Hierarchical Clustering
Last updated
Last updated
Hierarchical clustering is a class of clustering methods which are applicable to most types of data. These methods can be subdivided into agglomerative (or bottom-up) and divisive (or top-down) approaches. Both approaches generate a dendrogram which shows the nested grouping of patterns and similarity levels at which groupings change. An example is shown in Figure 3.
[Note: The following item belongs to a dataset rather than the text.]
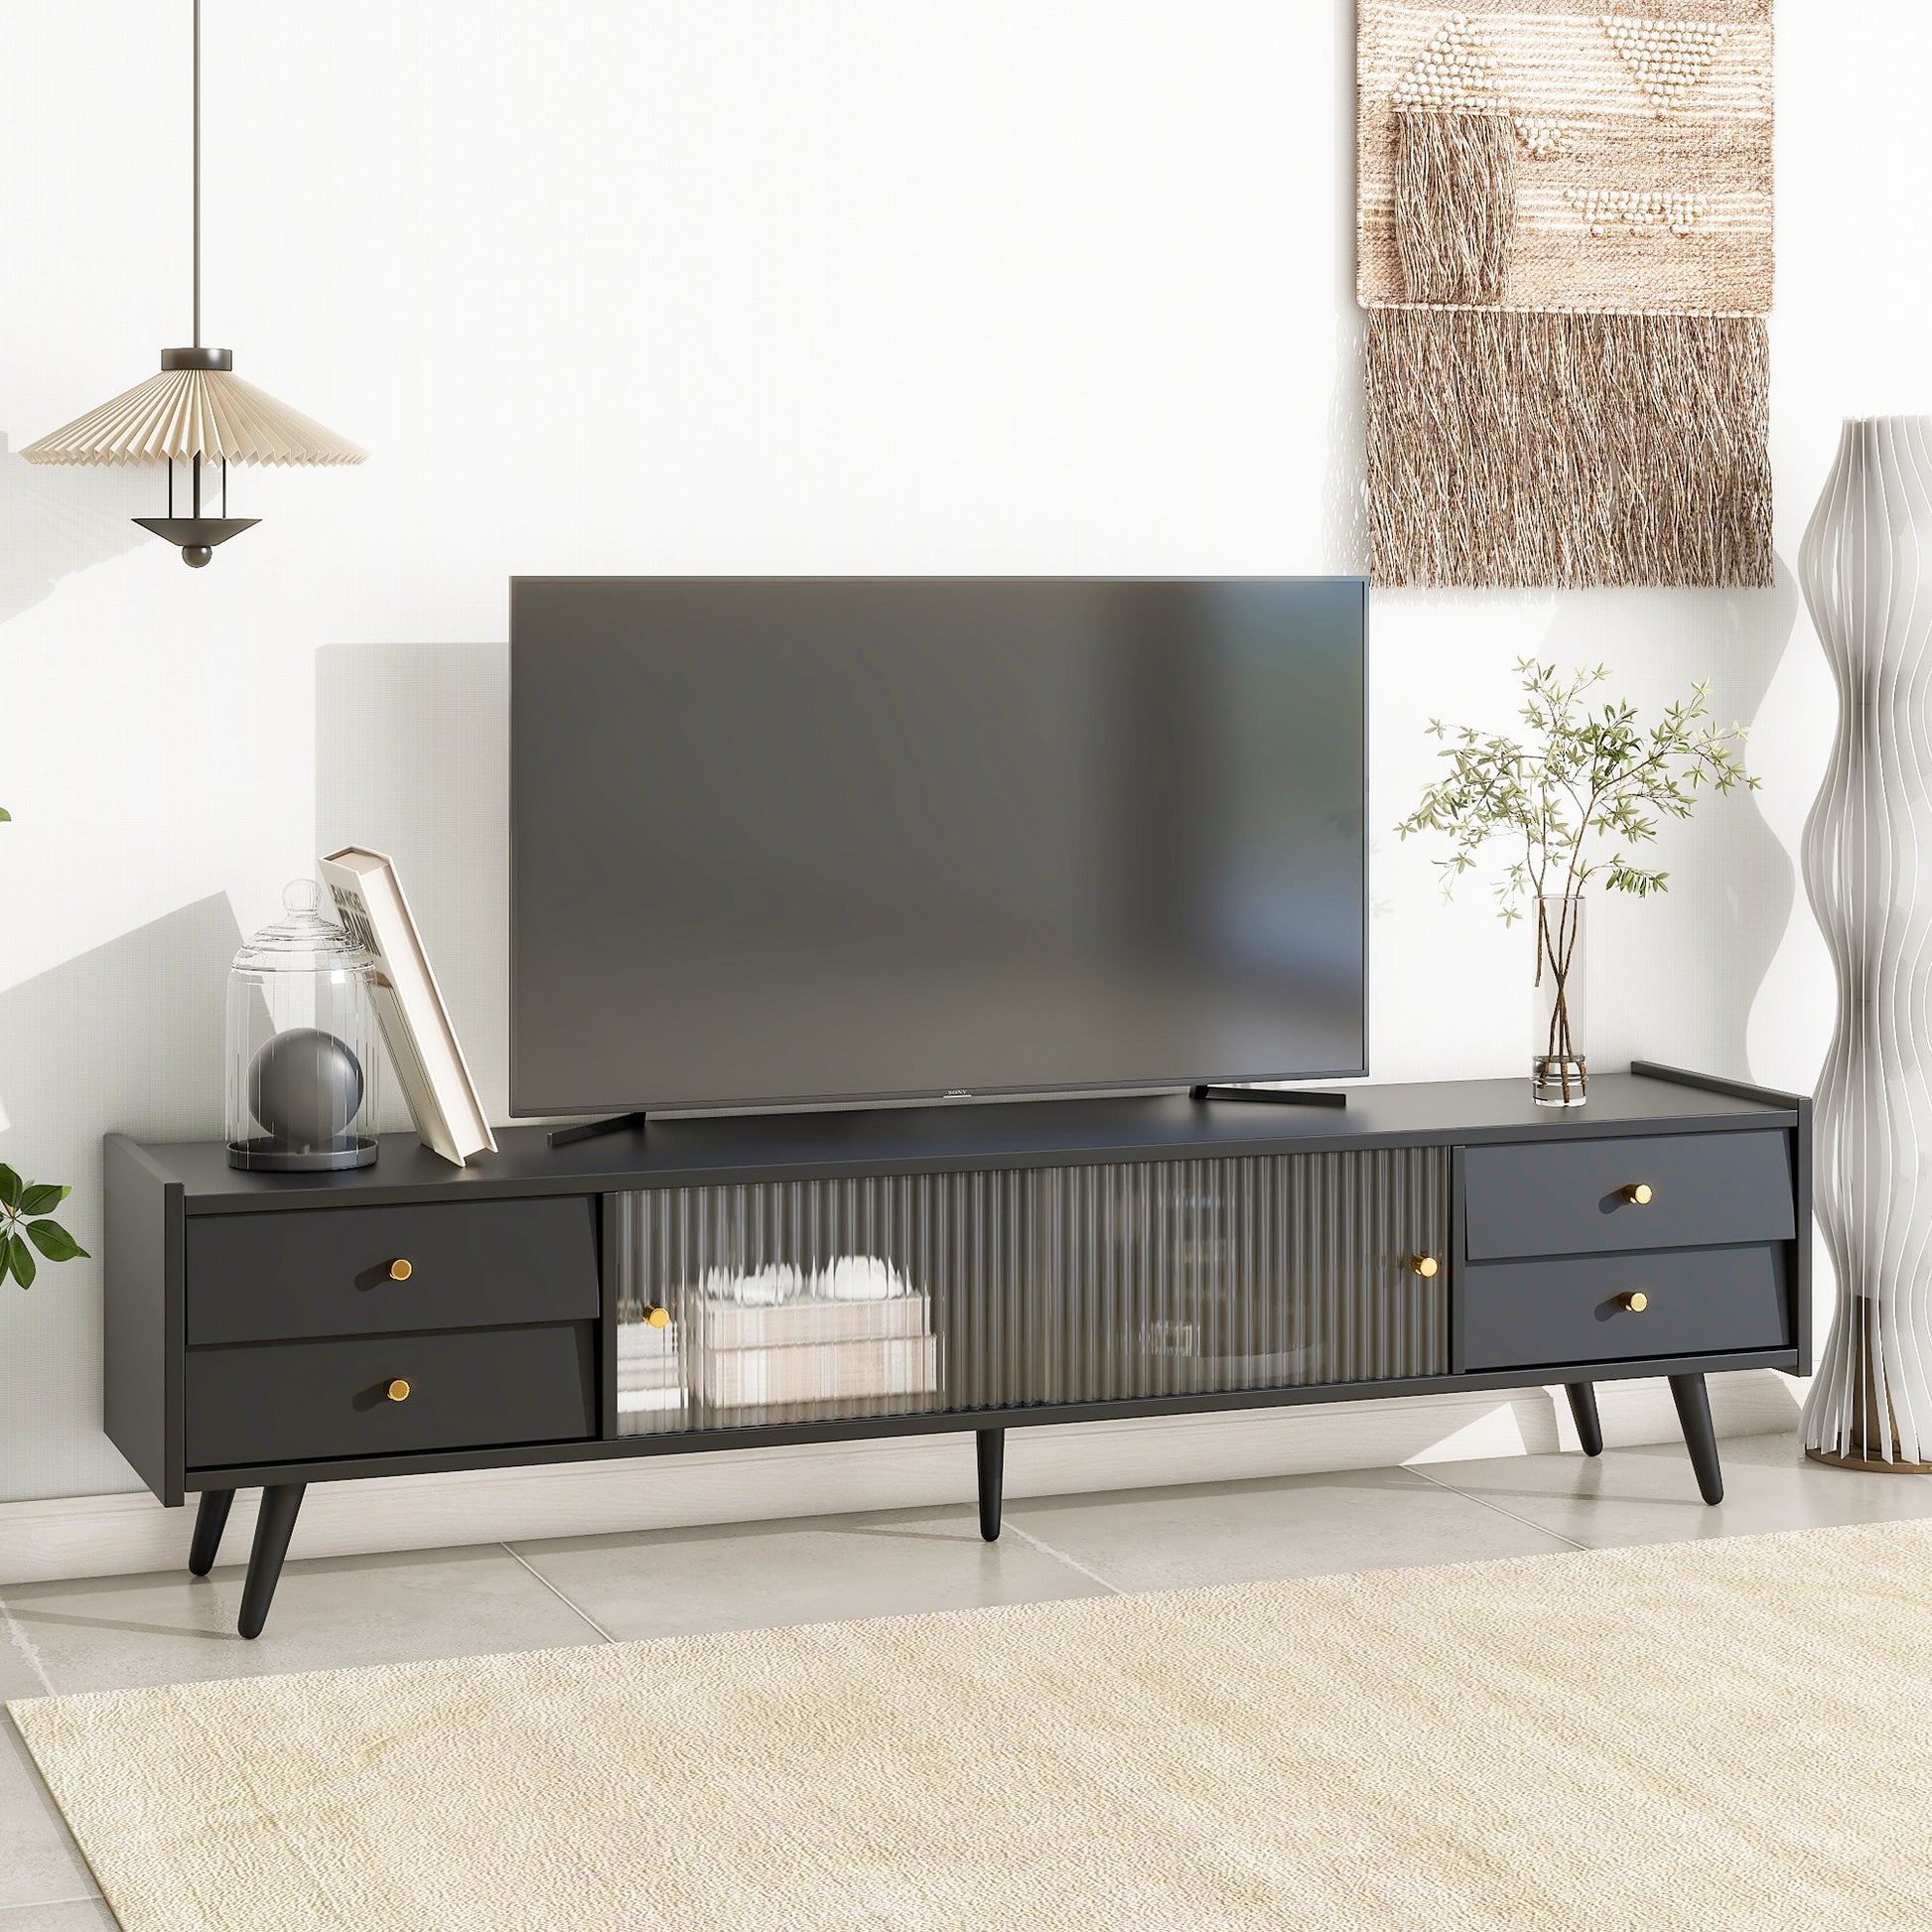 ON-TREND Contemporary TV Stand with Sliding Fluted Glass Doors, Slanted Drawers Media Console for TVs Up to 70", Chic Elegant TV Cabinet with Golden Metal Handles , Black - Enova Luxe Home Store

Figure 3: Example of a Dendrogram
Agglomerative hierarchical clustering starts with each data point in its own cluster. In each step, the most similar clusters are merged. This process continues until there is only one cluster remaining. A common algorithm for agglomerative hierarchical clustering is complete-link. In this algorithm, the similarity value for two clusters is the maximum of all pairwise distances between their component points. In every step, clusters with a similarity score higher than a threshold value are merged. The threshold value is increased in each step until there is only one cluster remaining.
Divisive approaches start with all data points in a single cluster and perform splitting until a stopping criterion is met [13]. One algorithm, described in , selects the cluster with the highest squared error and splits it using bisecting k-means with an objective of maximizing the Ward’s distance, between the two parts. Another type of divisive algorithm starts by constructing a weighted graph from the data and finding a minimum spanning tree. Then, the highest weighted edge remaining in the minimum spanning tree is removed in each step to split clusters.
The advantages of hierarchical clustering is that these methods have been shown to produce clusters of higher quality and do not need predefined parameters like k in the methods described above. The outputted dendrogram is a useful representation of the structure of the data and allows the user to determine k at the end of the process by selecting the cut that is most meaningful.
The disadvantages of hierarchical clustering is that the computational cost is typically higher than other clustering methods such as k-means. The complexity is quadratic, O(N2logN) for agglomerative and O(2N) for divisive [14], which makes hierarchical clustering impractical for large datasets unless heuristics or hybrid approaches are used.